At a time when climate change is making many areas of the planet hotter and drier, it’s sobering to think that deserts are relatively new biomes. For instance, the widespread arid regions that currently cover much of western North America only emerged 5 to 7 million years ago. Understanding how some plants invaded and thrived in these harsh biomes thus presents a unique opportunity, allowing scientists to assess how today’s ecosystems will fare in a drier future.
However, a new study from the University of California, Berkeley — although highly revealing — doesn’t bring good news. Researcher Isaac Lichter-Marck and Bruce Baldwin, UC Berkeley professor of integrative biology, studied rock daisies, a group of plants that invaded deserts millions of years ago. The study shows that these pioneers came pre-equipped to deal with heat, sun, and drought, having developed adaptations while living on dry rock outcroppings and even in tropical forests.

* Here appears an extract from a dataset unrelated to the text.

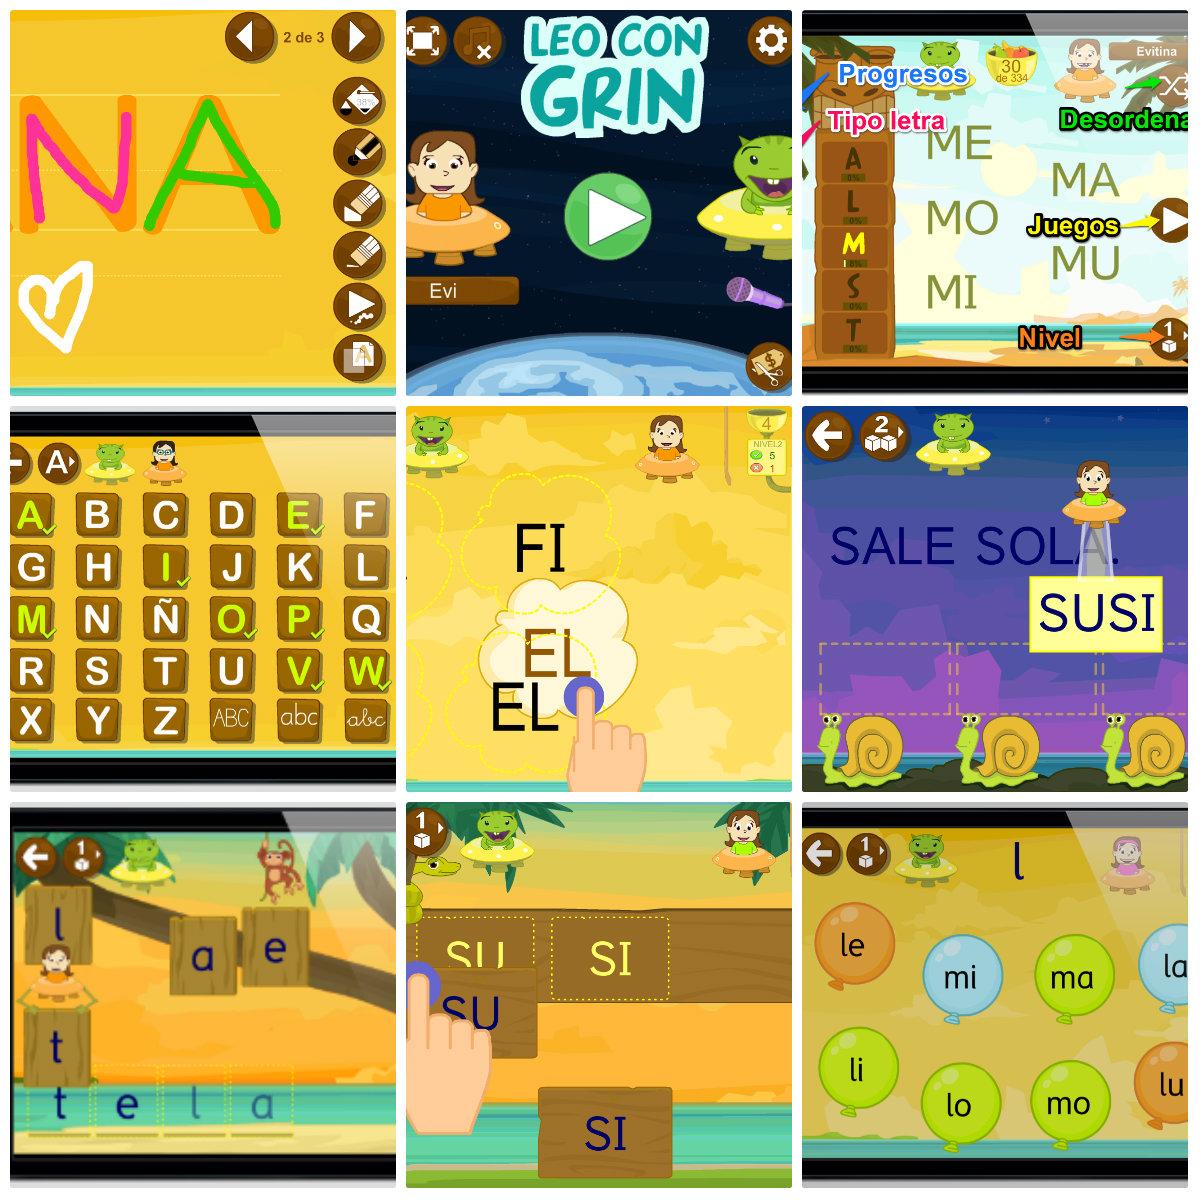 Aprender A Leer App Leo Con Grin En Ios Y Android Educaplanet Apps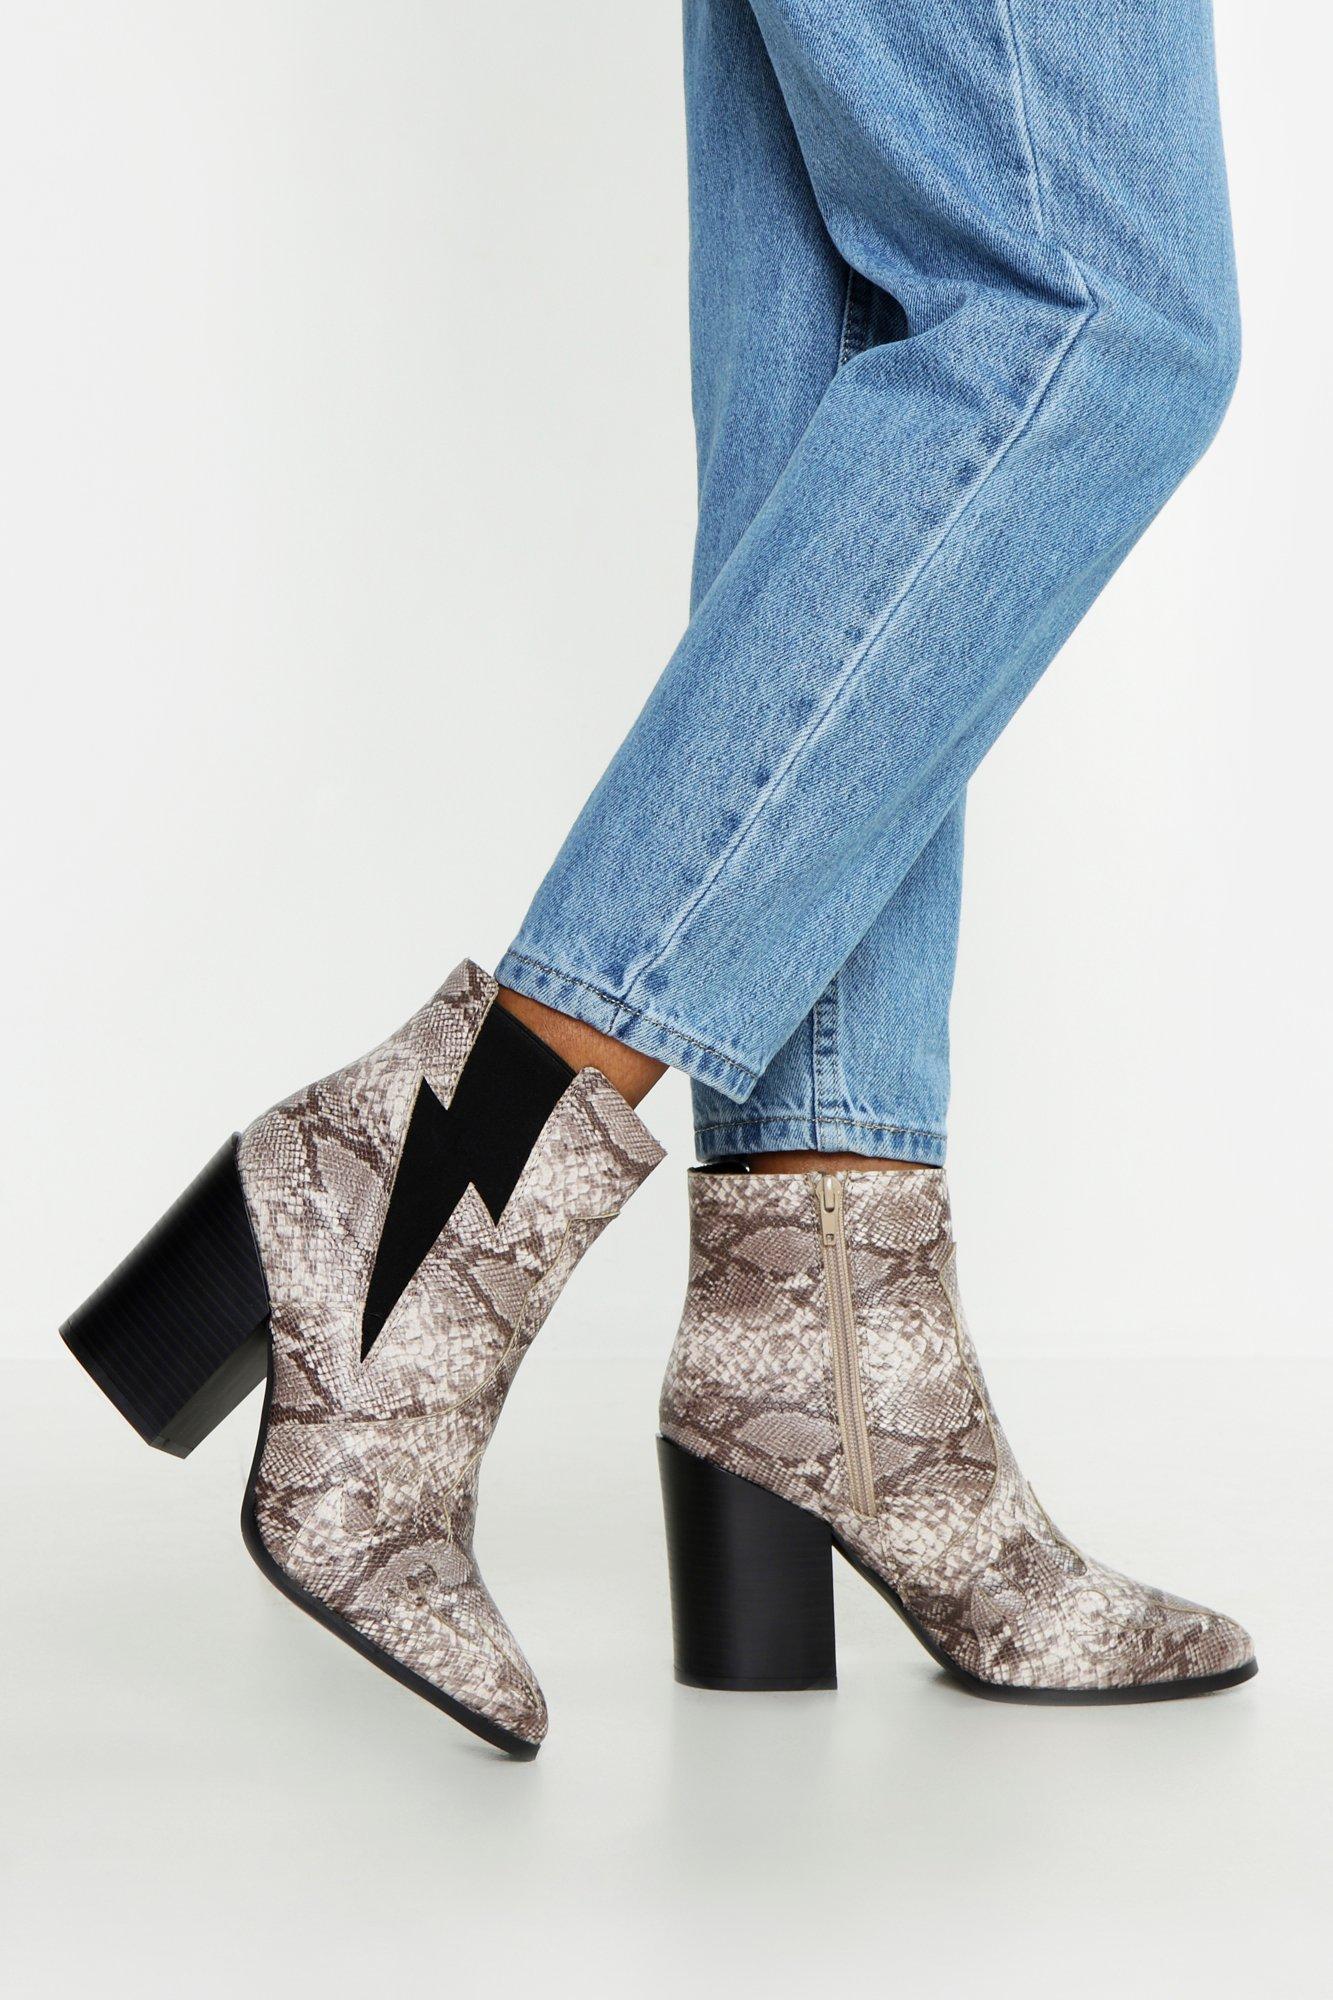 Купить Boots, Ботильоны на квадратном каблуке с остроконечным мыском, boohoo

“The history of rock daisies suggests that when deserts emerged, those plants that had the necessary pre-adaptations to take advantage of new conditions were the ones that thrived,” says Lichter-Marck in a statement.
From fossils to rock climbing: a window into desert plant evolution
Botanists have long known that when plants invaded deserts, they diversified quickly to fill the many niches created by the new habitat. Paleontologists have also noted similarities between fossilized plants that grew tens of millions of years ago, long before the widespread proliferation of deserts seen now when they cover a fifth of Earth’s surface, and desert plants today. However, these observations present a dilemma: Did iconic desert plants, like the stately saguaro cacti, the flaming ocotillos and the Seussian agaves, adapt to arid conditions only after they invaded deserts or were they already preadapted to thrive even in such harsh conditions?
“Plants that live on rock outcrops face many of the same challenges as those living in a dry, desert habitat,” Lichter-Marck said. “Rock outcrops tend to be exposed to UV light, wind and dry, desiccating conditions, as well as heat and frost. They also tend to be more exposed to herbivores.
“The ways that plants deal with them are diverse, but they usually involve some kind of specialized root morphology that helps them to anchor in rock outcrops, as well as deal with the heightened arid conditions. And they tend to have smaller leaves, or leaves with a dense covering of hairs that help buffer them against drought and block sunlight, including UV light. They also tend to have heightened chemical defenses against herbivores, because it takes a lot of energy to regenerate after being munched.”
Researchers collected hundreds of specimens of rock daisies, sometimes in arduous working conditions as some of these plants bloom on vertical rock faces or sky island mountain ranges. Thankfully, Lichter-Marck is an experienced mountaineer, which shows that you can never have enough diverse skill sets when doing biology fieldwork.
With these samples in hand, the researchers then set about sequencing their DNA and cataloging their particular characteristics, such as where exactly they grew, whether they were a herb or a shrub, or what type of root system they had. This data was then compared with fossilized daisies in order to map a rough evolutionary timeline that might point to the moment the lineage shifted into desert biomes.
The analysis showed that most rock daisies, especially those in the genus Laphamia, already possessed some adaptations for heat, aridity, wind, and sun well before they appeared in desert landscapes. The same likely applies to other successful desert plants like cacti, which are known to inhabit rock outcrops.
“What this means is that the strategies for drought tolerance that are so characteristic of desert vegetation might not actually represent responses to the dry conditions found in deserts. Instead, they could be traits that evolved earlier in association with much older and more stable dry microclimates, such as rock outcrops in tropical settings,” Lichter-Marck said.
This research is significant today as accelerating aridity due to climate change is forcing plants to adapt much faster than in the past. If adaptation to arid conditions was only possible for plants that had already evolved to deal with such stresses, many plants today may not have the necessary genetic tools to survive.
Next, the researchers plan on extending their research to plants that grow on rock outcrops in Hawai’i. This time though, there will be less dangerous rock climbing, as they hope to use drones to collect samples instead.
The findings appeared in the journal PNAS.